Updated

North Korea vowed Friday to bolster its atomic arsenal in response to what it called Washington's "hostile" policy, even as a special envoy for President Barack Obama traveled to the region in a bid to draw Pyongyang back to nuclear negotiations.

Envoy Stephen Bosworth, in Beijing before heading Friday to South Korea, said the U.S. is ready and willing to talk directly with Pyongyang.

"The United States reiterates its desire to engage both multilaterally and bilaterally with North Korea," Bosworth told reporters after holding talks with senior Chinese officials Thursday. "We believe very strongly that the solution to the tensions and problems of the area now lies in dialogue and negotiation."

But North Korea dismissed the Obama administration's stance as "unchanged" from a previous policy of hostility toward Pyongyang.

"Nothing would be expected from the U.S., which remains unchanged in its hostility toward its dialogue partner," the North's Foreign Ministry said in a statement carried by state media. The North "will bolster its nuclear deterrent as it has already clarified," it said.

Pyongyang in recent weeks has taken a series of steps flouting its pledge to disarm, quitting international nuclear talks, expelling inspectors and threatening to conduct nuclear and long-range missile tests. The North also claimed it had restarted its Yongbyon nuclear facilities to harvest weapons-grade plutonium.

The statement Friday cited Washington's denunciation of North Korea's April 5 rocket launch and support for a U.N. Security Council censure as evidence of the Obama administration's hostility. The statement further noted joint military drills between the U.S. and South Korea.

Secretary of State Hillary Rodham Clinton said earlier that Washington's goal is to get North Korea back into the disarmament process, but warned that it would be a difficult job.

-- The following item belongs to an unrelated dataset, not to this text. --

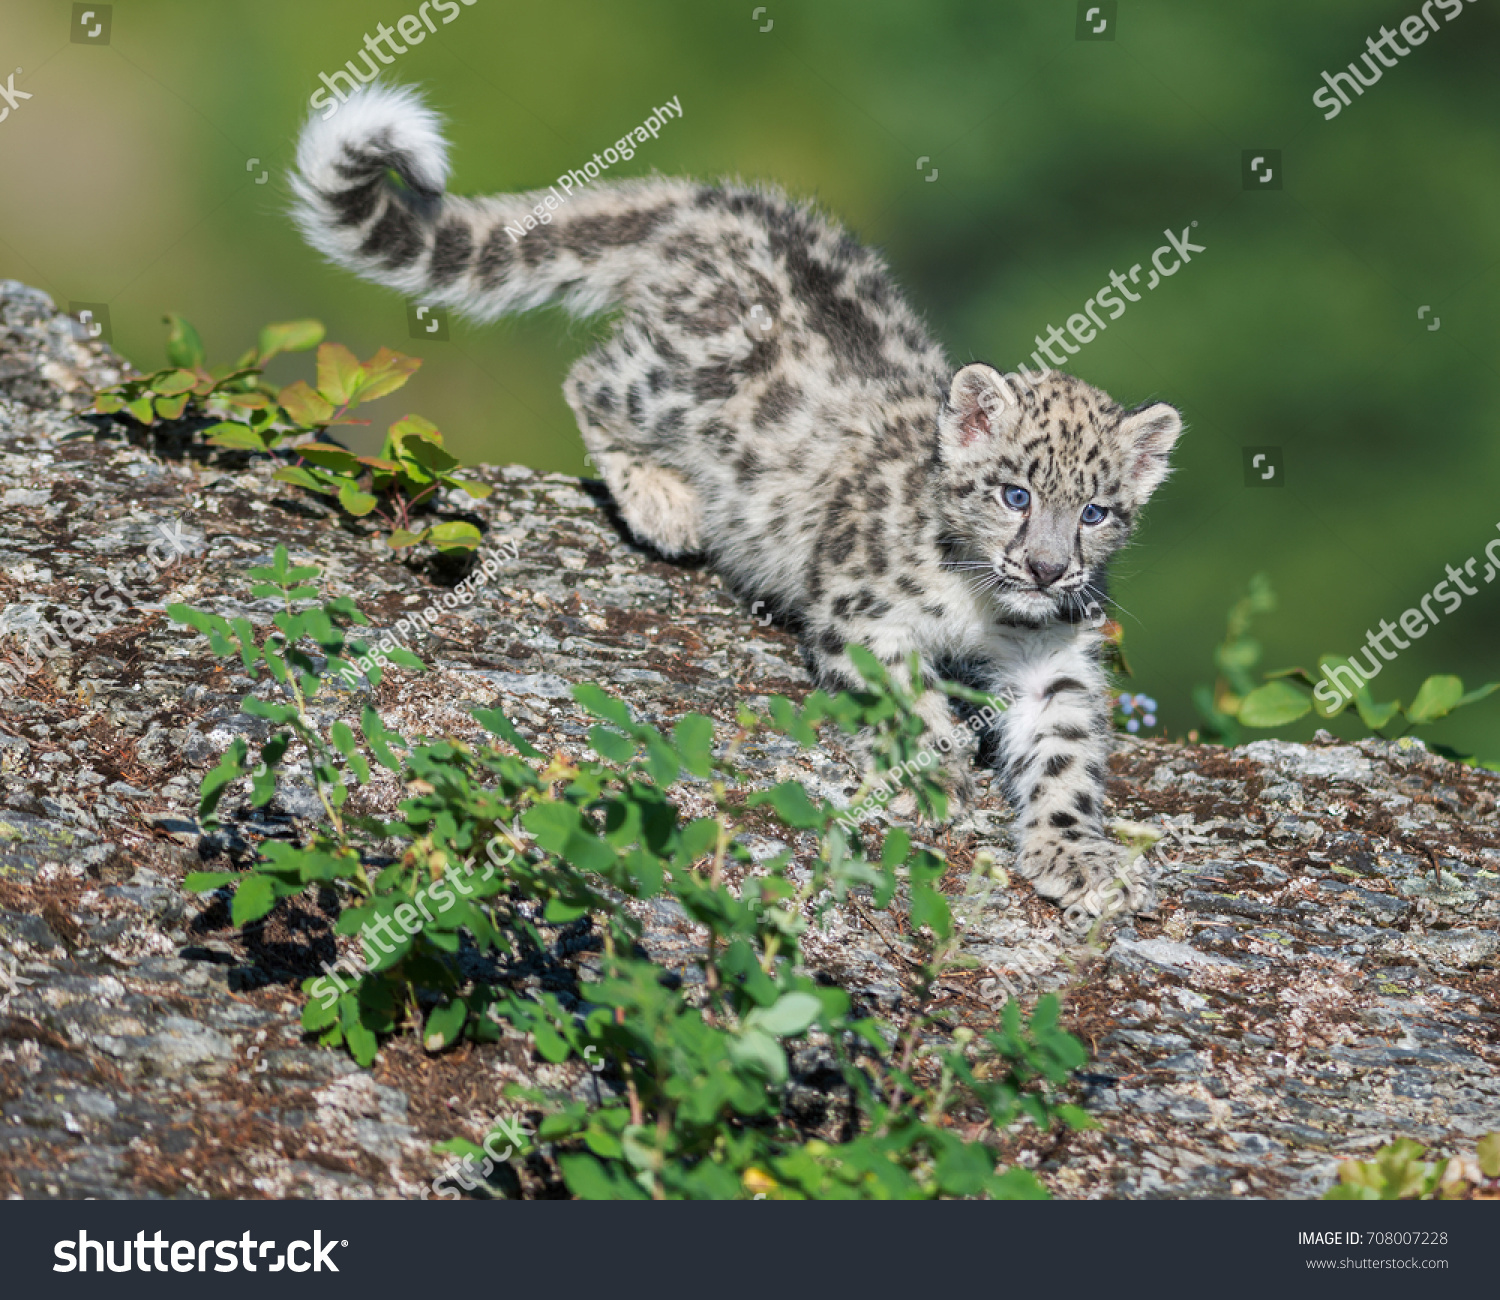 Cute snow leopard cub descending on rocky surface
 #708007228

"We may have to show some patience before that is achieved," she told reporters after talks with Russian Foreign Minister Sergey Lavrov, whose trip to Pyongyang last month produced little progress in efforts to get the North back to the negotiating table.

Under a 2007 deal, North Korea agreed to disable its main nuclear complex in Yongbyon north of Pyongyang in return for 1 million tons of fuel oil and other concessions.

In June, Pyongyang blew up the cooling tower there in a dramatic show of its commitment to denuclearization.

But disablement came to halt a month later as Pyongyang wrangled with Washington over how to verify its past atomic activities. The latest round of talks in December failed to push the process forward.